Step	Hyp	Ref	Expression
1		grpinvfval.3	. 2 ⊢ 𝑁 = (inv‘𝐺)
2		grpinvfval.1	. . . . 5 ⊢ 𝑋 = ran 𝐺
3		rnexg 7942	. . . . 5 ⊢ (𝐺 ∈ GrpOp → ran 𝐺 ∈ V)
4	2, 3	eqeltrid 2848	. . . 4 ⊢ (𝐺 ∈ GrpOp → 𝑋 ∈ V)
5		mptexg 7258	. . . 4 ⊢ (𝑋 ∈ V → (𝑥 ∈ 𝑋 ↦ (℩𝑦 ∈ 𝑋 (𝑦𝐺𝑥) = 𝑈)) ∈ V)

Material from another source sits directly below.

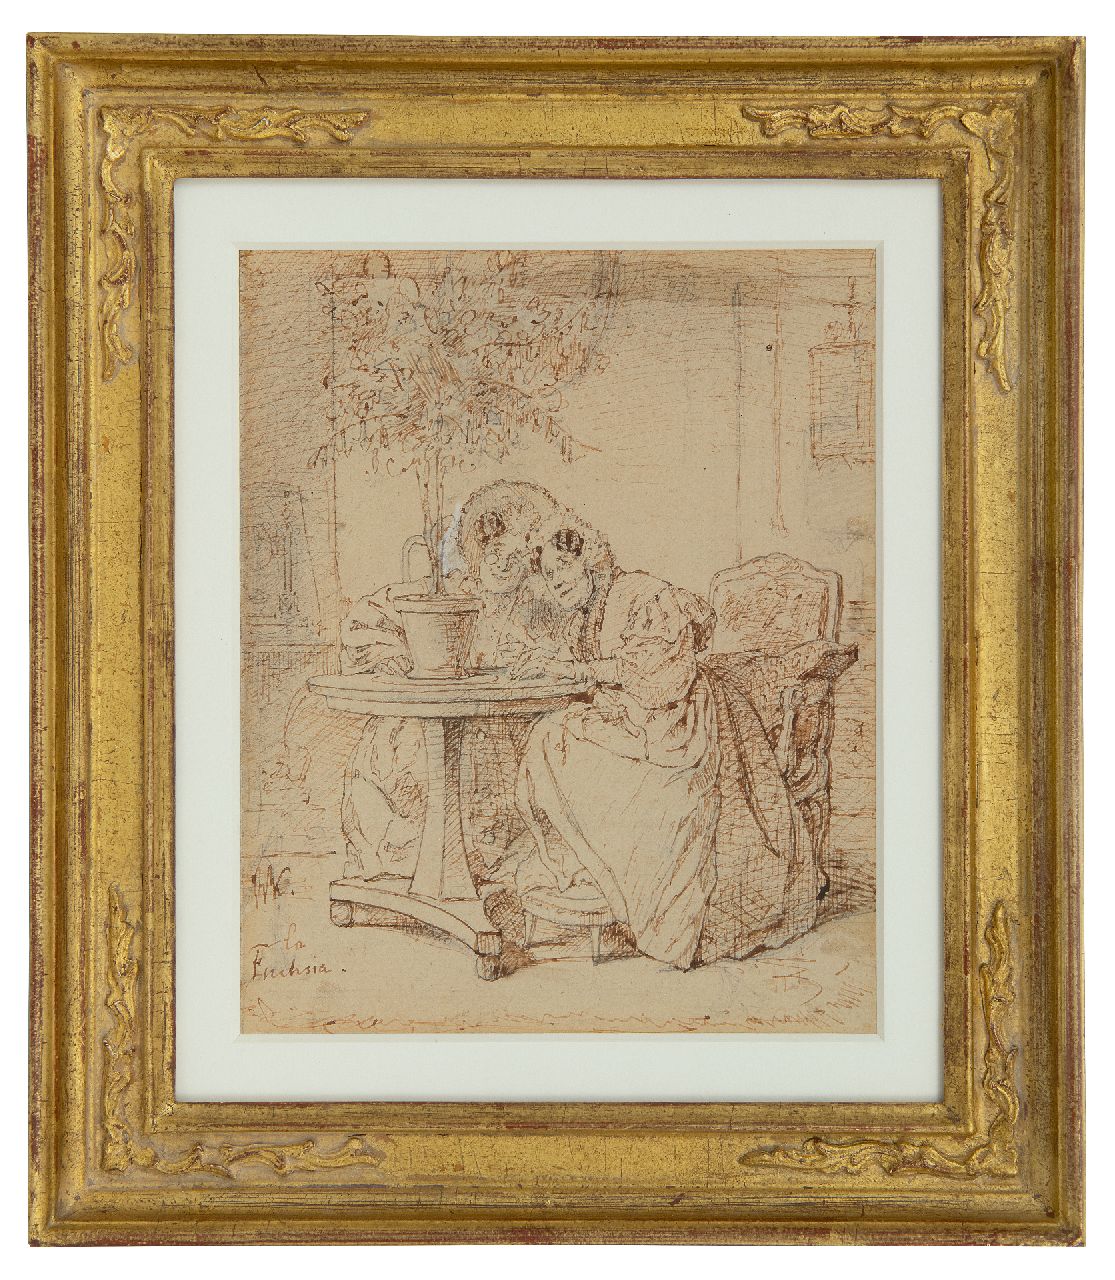 Bakker Korff A.H.  | Alexander Hugo Bakker Korff | Watercolours and drawings offered for sale | The Fuchsia, pencil, pen and ink on paper 18.0 x 14.5 cm, signed l.l. with monogram

6	4, 5	syl 17	. . 3 ⊢ (𝐺 ∈ GrpOp → (𝑥 ∈ 𝑋 ↦ (℩𝑦 ∈ 𝑋 (𝑦𝐺𝑥) = 𝑈)) ∈ V)
7		rneq 5961	. . . . . 6 ⊢ (𝑔 = 𝐺 → ran 𝑔 = ran 𝐺)
8	7, 2	eqtr4di 2798	. . . . 5 ⊢ (𝑔 = 𝐺 → ran 𝑔 = 𝑋)
9		oveq 7454	. . . . . . 7 ⊢ (𝑔 = 𝐺 → (𝑦𝑔𝑥) = (𝑦𝐺𝑥))
10		fveq2 6920	. . . . . . . 8 ⊢ (𝑔 = 𝐺 → (GId‘𝑔) = (GId‘𝐺))
11		grpinvfval.2	. . . . . . . 8 ⊢ 𝑈 = (GId‘𝐺)
12	10, 11	eqtr4di 2798	. . . . . . 7 ⊢ (𝑔 = 𝐺 → (GId‘𝑔) = 𝑈)
13	9, 12	eqeq12d 2756	. . . . . 6 ⊢ (𝑔 = 𝐺 → ((𝑦𝑔𝑥) = (GId‘𝑔) ↔ (𝑦𝐺𝑥) = 𝑈))
14	8, 13	riotaeqbidv 7407	. . . . 5 ⊢ (𝑔 = 𝐺 → (℩𝑦 ∈ ran 𝑔(𝑦𝑔𝑥) = (GId‘𝑔)) = (℩𝑦 ∈ 𝑋 (𝑦𝐺𝑥) = 𝑈))
15	8, 14	mpteq12dv 5257	. . . 4 ⊢ (𝑔 = 𝐺 → (𝑥 ∈ ran 𝑔 ↦ (℩𝑦 ∈ ran 𝑔(𝑦𝑔𝑥) = (GId‘𝑔))) = (𝑥 ∈ 𝑋 ↦ (℩𝑦 ∈ 𝑋 (𝑦𝐺𝑥) = 𝑈)))
16		df-ginv 30527	. . . 4 ⊢ inv = (𝑔 ∈ GrpOp ↦ (𝑥 ∈ ran 𝑔 ↦ (℩𝑦 ∈ ran 𝑔(𝑦𝑔𝑥) = (GId‘𝑔))))
17	15, 16	fvmptg 7027	. . 3 ⊢ ((𝐺 ∈ GrpOp ∧ (𝑥 ∈ 𝑋 ↦ (℩𝑦 ∈ 𝑋 (𝑦𝐺𝑥) = 𝑈)) ∈ V) → (inv‘𝐺) = (𝑥 ∈ 𝑋 ↦ (℩𝑦 ∈ 𝑋 (𝑦𝐺𝑥) = 𝑈)))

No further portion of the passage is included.